# Thread: Terminology for elements in modules

1. ## Terminology for elements in modules

I am looking for an adjective for special elements in modules.

Definition: Let $\displaystyle R$ be a ring and $\displaystyle M$ be an $\displaystyle R$-module.
We say that $\displaystyle v\in M$ is an ????? element if $\displaystyle v=rw$
with $\displaystyle w\in M$ and $\displaystyle r\in R$ implies that $\displaystyle r$ has to be a unit in $\displaystyle R$.

What is the commonly used term ???? for this definition?

In the lattice case $\displaystyle R=\mathbb Z$ and $\displaystyle M=\mathbb Z^N$ these are often called
primitive vectors but this terminology does not seem to be common
for general rings and modules.

Thanks ---

2. Originally Posted by crwtom
I am looking for an adjective for special elements in modules.

Definition: Let $\displaystyle R$ be a ring and $\displaystyle M$ be an $\displaystyle R$-module.
We say that $\displaystyle v\in M$ is an ????? element if $\displaystyle v=rw$
with $\displaystyle w\in M$ and $\displaystyle r\in R$ implies that $\displaystyle r$ has to be a unit in $\displaystyle R$.

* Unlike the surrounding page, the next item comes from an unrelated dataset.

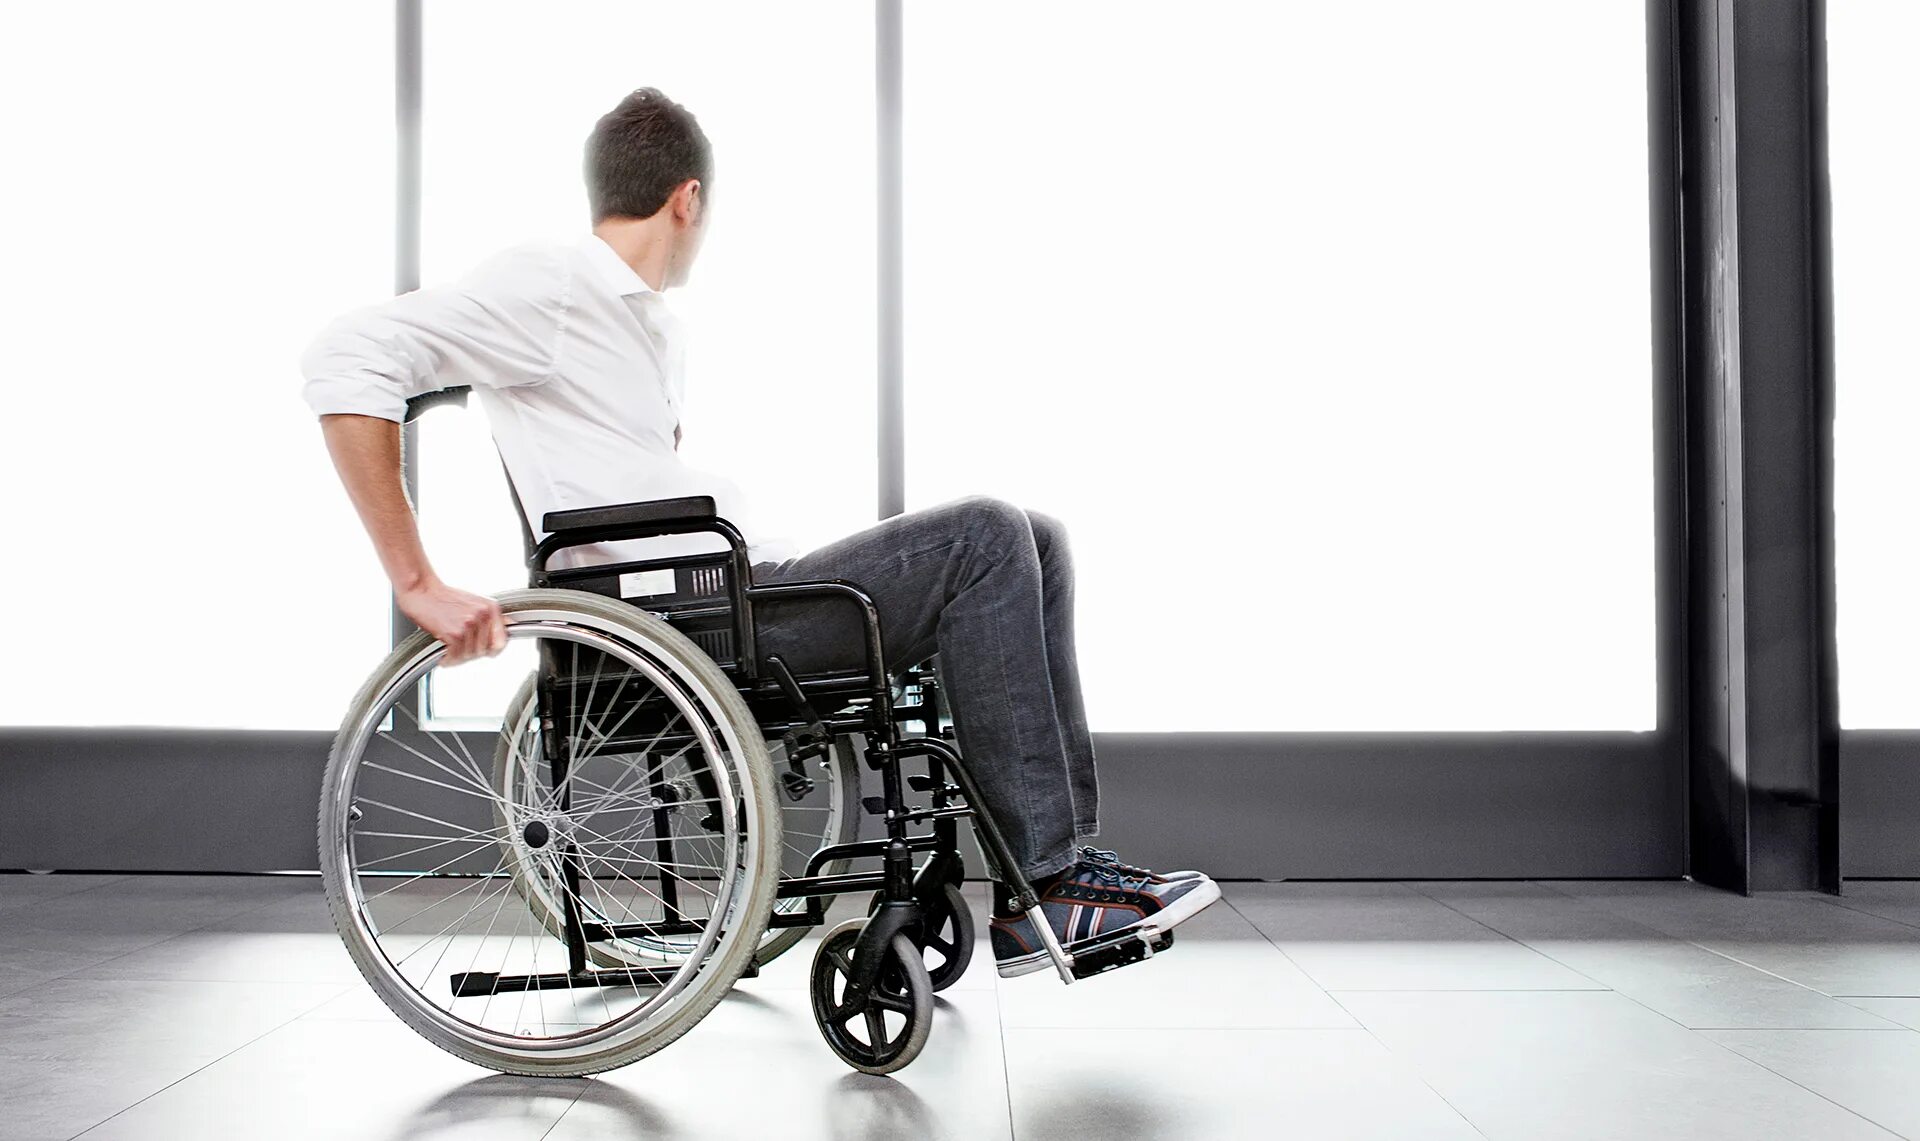 Инвалидная коляска Barry a8t. Инвалидная коляска «ИК-1м. Челик в инвальдной коляске. Человек в инвалидной коляске. Рождение с инвалидностью

What is the commonly used term ???? for this definition?

In the lattice case $\displaystyle R=\mathbb Z$ and $\displaystyle M=\mathbb Z^N$ these are often called
primitive vectors but this terminology does not seem to be common
for general rings and modules.

Thanks ---
why is the terminology important here? if you have a "math" question related to this, you can ask.